= Margaret Edson =

American playwright (born 1961)

Margaret Edson (born July 4, 1961) is an American playwright. She is a recipient of the 1999 Pulitzer Prize for Drama for her play Wit. She has been a public school teacher since 1992.

==Background and education==

Edson was born in Washington, D.C., the second child of Peter Edson, a newspaper columnist, and Joyce Winifred Edson, a medical social worker. Like the protagonist in Wit, Edson is well acquainted with academia. A graduate of Sidwell Friends School, a Quaker-run private school in Washington, where she had been active in the drama program, Edson enrolled at Smith College in Massachusetts in 1979, earning a degree in Renaissance history in 1983. After graduation, Edson moved to Iowa City, Iowa, where her sister lived, and took a job selling hot dogs during the day and tending bar at night.

She returned to her hometown of Washington, D.C., and acquired a job as unit clerk in the AIDS and cancer treatment wing of a research hospital. Subsequently, she moved to the St. Francis Center (now the Wendt Center for Loss and Healing), where she worked on producing grant proposals. At this point, Edson decided to pursue a doctorate in literature, but first wished to write a play. Edson worked at a bicycle store in Washington and spent the summer of 1991 writing the first draft of Wit.

She enrolled in the graduate program in English at Georgetown University in the fall of 1991. While in graduate school, Edson volunteered in a D.C. elementary school. After she earned her master's degree, she decided to become an elementary school teacher and was admitted to an alternative certification program with the D.C. Public Schools. She taught English as a Second Language and first grade in D.C. Public Schools for six years.

==Wit==

She sent the text of Wit to sixty theaters across the country.

It was finally accepted in 1995 by the South Coast Repertory (SCR) in Costa Mesa, California. The artistic team at South Coast Repertory worked with Edson to condense her two-act play into one act. The revised Wit was produced at SCR in 1995 and won 1995 Los Angeles Drama Critics Circle Awards for Production, Direction (Martin Benson), Writing, Lead Performance (Megan Cole), Lighting Design (Paulie Jenkins), and the Ted Schmitt Award.

Despite Wit's success at SCR, other theater companies were reluctant to produce the play. In 1997, the young director Derek Anson Jones was chosen by the Long Wharf Theatre in New Haven, Connecticut, to create a new production of the play. Wit opened in November 1997 at the Long Wharf Theatre, directed by Jones and starring Kathleen Chalfant and featuring Walter Charles and Alec Phoenix as her doctors and Paula Pizzi as her nurse. The play earned strong word-of-mouth reviews and won three Connecticut Critics Circle Awards, including best play.

Championed by Kathleen Chalfant, the play was produced by the Off-Broadway Manhattan Class Company in September 1998 at the MCC Theater and then opened at the Union Square Theatre on October 6, 1998 and closed on April 9, 2000 after 545 performances, receiving positive reviews. Still under Jones's direction, the play won awards from the New York Drama Critics' Circle, Drama Desk, Drama League, Dramatists Guild of America and Outer Critics Circle. Edson was presented with the John Gassner and George Oppenheimer playwriting awards, as well as the Pulitzer Prize for Drama.

Judith Light replaced Chalfant in the leading role and the two actress shared the national tour in 2000. Since then, it has received hundreds of productions in dozens of languages.

HBO secured the film rights to the play and engaged Mike Nichols to direct and Emma Thompson to star. Nichols and Thompson collaborated on the screenplay. The production won the Emmy Award for Outstanding Made-for-Television Film in 2001.

The play was published by Farrar, Straus, and Giroux in 1999.

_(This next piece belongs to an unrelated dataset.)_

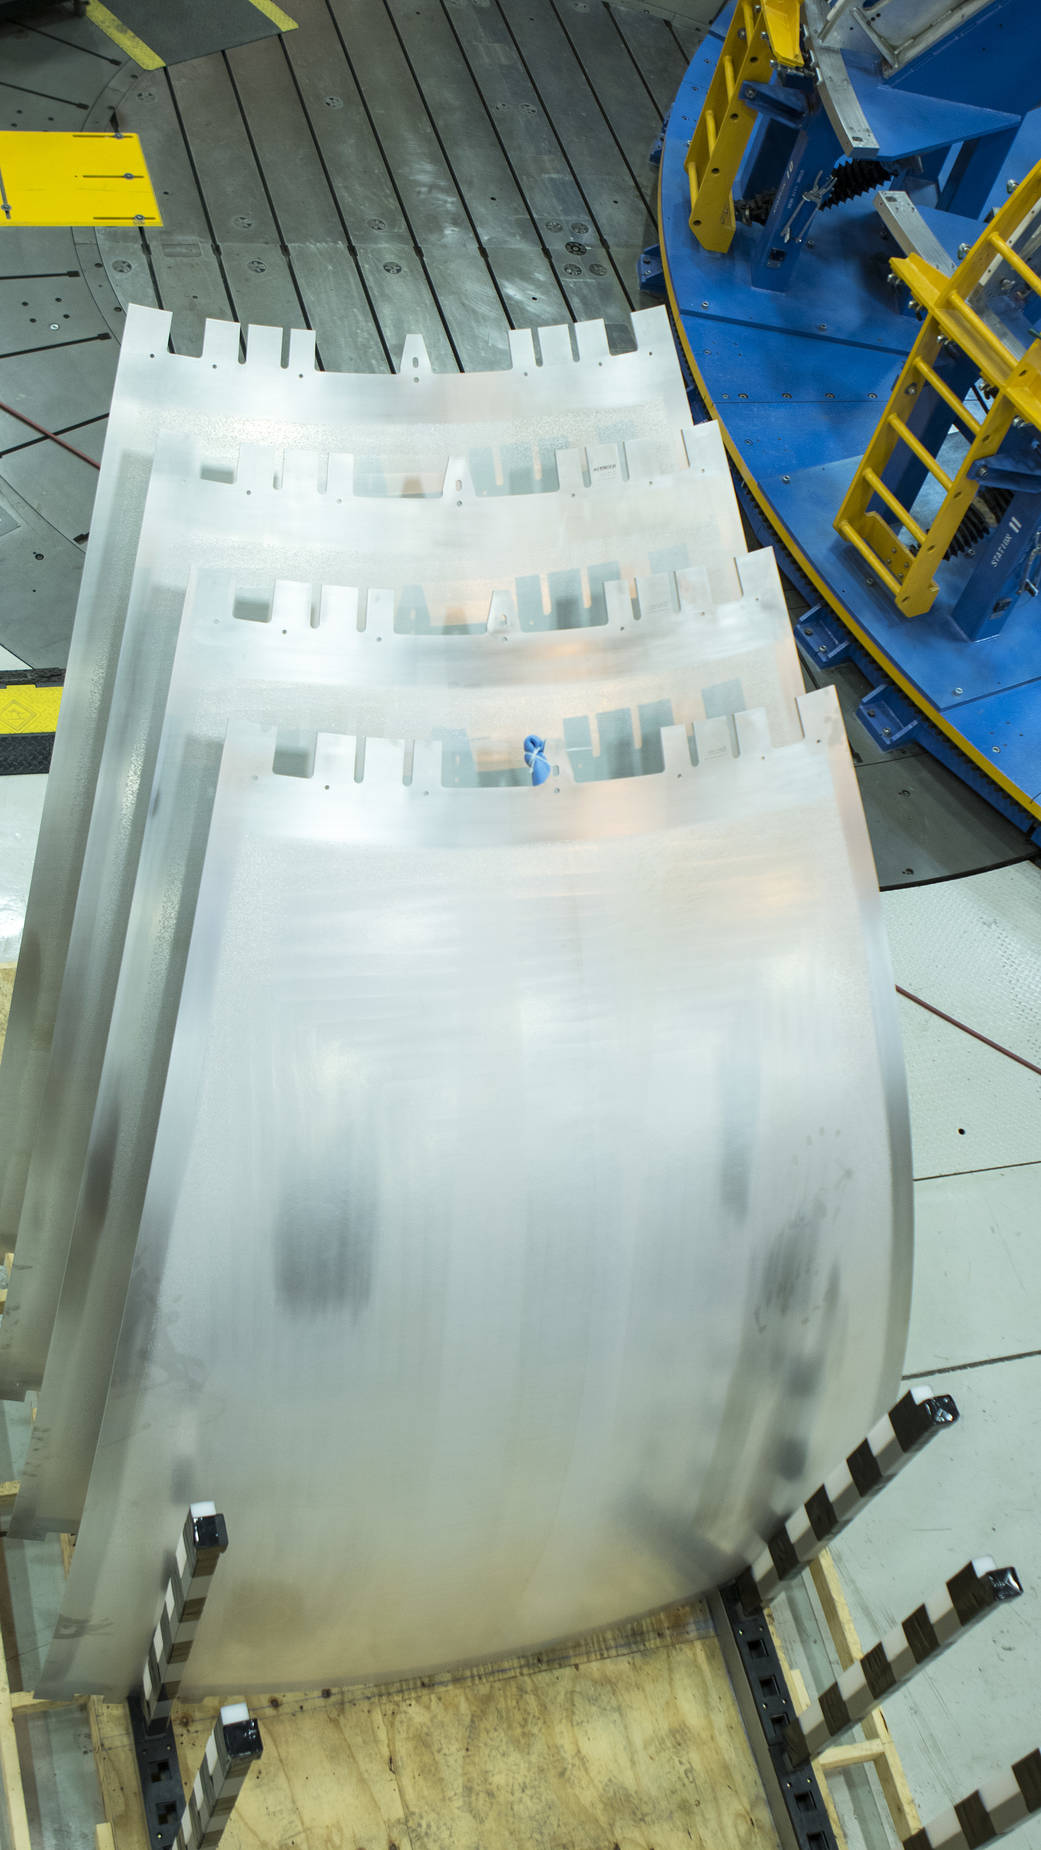 Aluminum gore panels stacked in a manufacturing area

In 2012, the Manhattan Theatre Club produced a revival of the play on Broadway at the Samuel J. Friedman Theare. Lynne Meadow directed and Cynthia Nixon played Professor Bearing. The play was nominated for the 2012 Tony Award, Revival of a Play and Actress in a Play (Nixon.)

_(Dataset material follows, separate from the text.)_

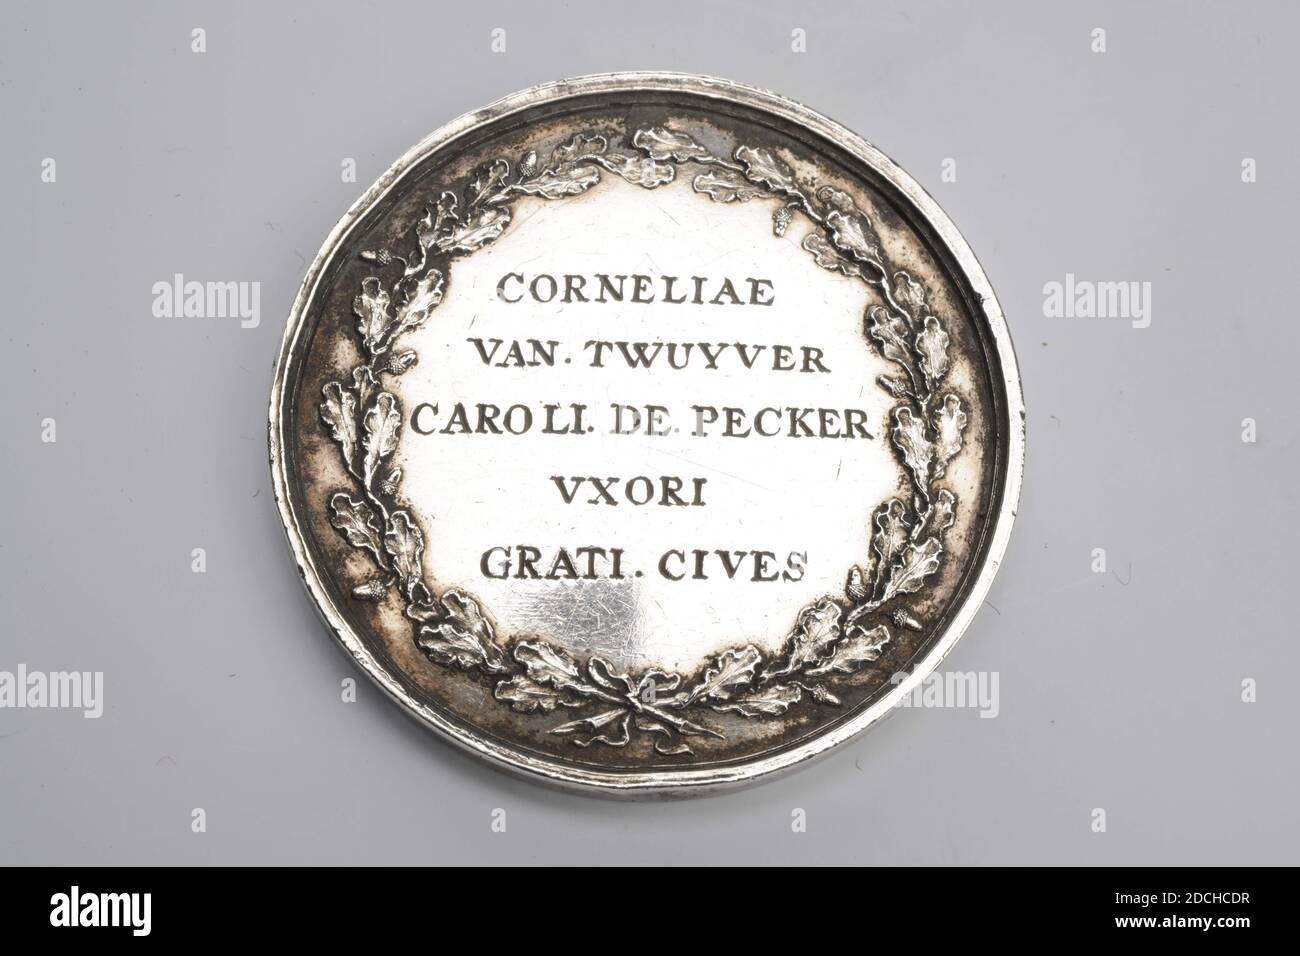 reward medal, Johan George Holtzhey, 1784, General: 3.4 x 0.2cm (34 x 2mm), Weight: 12.3g, city virgin, woman, city coat of arms, Silver badge to stop the riot against Trago in 1784 in Leiden. The Leiden city virgin is depicted on the obverse standing on a lying figure (the riot). On her left arm she has an oval shield with the coat of arms of Leiden. In her right hand she has a spear with which she pierces the lying figure. This figure has a dagger in the right hand and a torch in the left. Below a three-line inscription: SEDITIONE COMPRESSA 9-12 IVNII. MDCCLXXXIV, and the caption VIRTUS Stock Photo

There was a 2016 production at the North Carolina Theatre directed by Kate Galvin and starring Kate Goehring, reprising the role of Bearing.

==Personal==
Edson has continued teaching with no plans to write another play. She teaches 10th Grade Social Studies at Midtown High School in Atlanta. She taught sixth grade social studies at Atlanta's public David T. Howard Middle School and, before Inman Middle School in the Virginia-Highland neighborhood of Atlanta was enfolded into Howard, taught the same grade and subject at Inman. She also taught at John Hope Elementary school in Atlanta, Georgia.

She has given many public lectures including the 2008 commencement address at Smith College.

She lives in Atlanta with her partner, art historian Linda Merrill, and their two sons, Timothy Edson Merrill and Peter Edson Merrill.